The difference is that barbecued foods are smoked and also cooked from the heat of the fire, but some smoked foods are made without heat: “Think of Nova Scotia salmon, for instance, think of smoked cheese, think of Scotch,” he said.
And there are two different ways of smoking, too. One is hot smoking; that’s the one that uses heat to help cook the food. The other is cold smoking, in which the temperature cannot rise above 80 degrees so that the food remains absolutely uncooked by heat.
Typically, foods are cold-smoked in a two-chamber smoker. The smoke — and the heat that creates it — is produced in one chamber and then moves without the heat to other chamber, where the food is waiting.

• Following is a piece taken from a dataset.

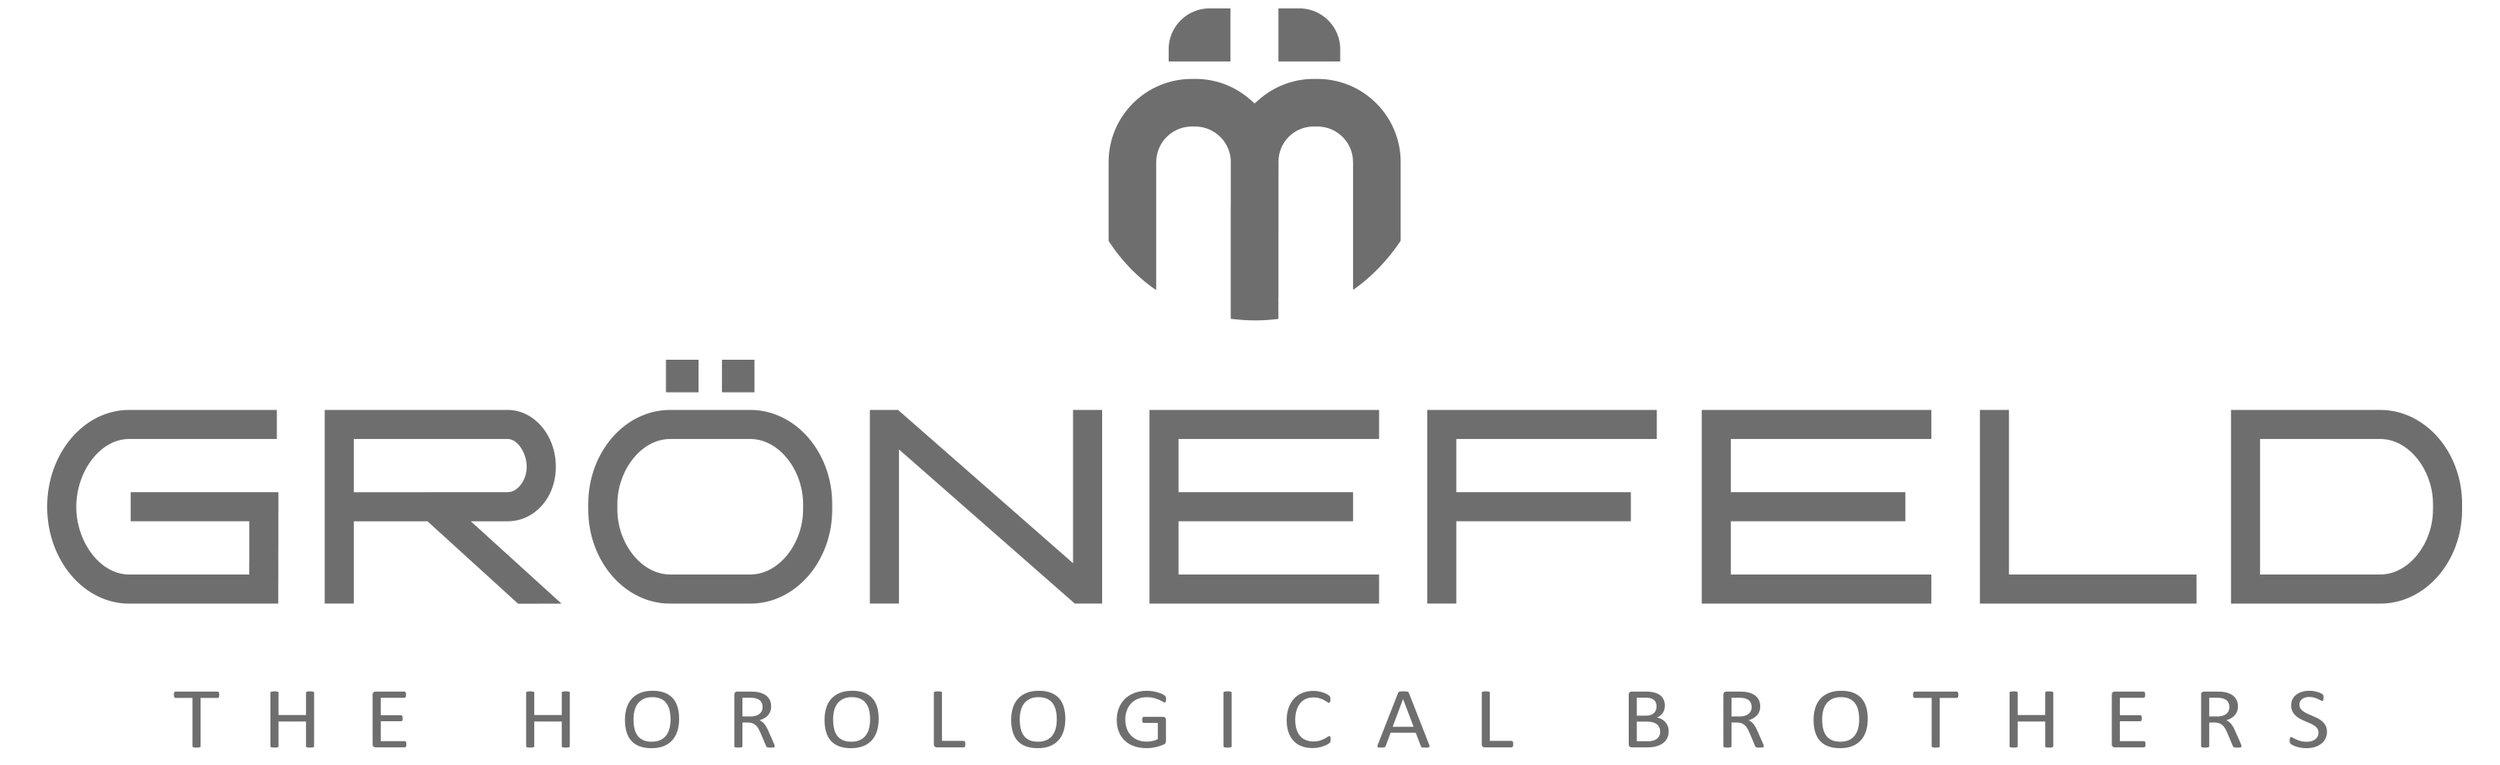 grönefeld.logo.jpg

But what if you don’t have a two-chamber smoker? What if you still want smoked salmon or smoked nuts or smoked cheese or smoked eggs?
Raichlen has what he calls a “workaround” for that. Just use a hot smoker and place a large aluminum tray of ice below and above the item being smoked, without letting them touch. You will have to replace the ice as it melts, but it creates a cold zone that keeps the food from cooking (salmon has to be cured first with salt and sugar).
And don’t be afraid to try something new. At one point, he took everything he could think of and smoked it. Some of these experiments did not work out, but many did, including mayonnaise, cheesecake, butter — and that ice cream.
“It takes vanilla ice cream, so it is like channeling a toasted marshmallow,” he said.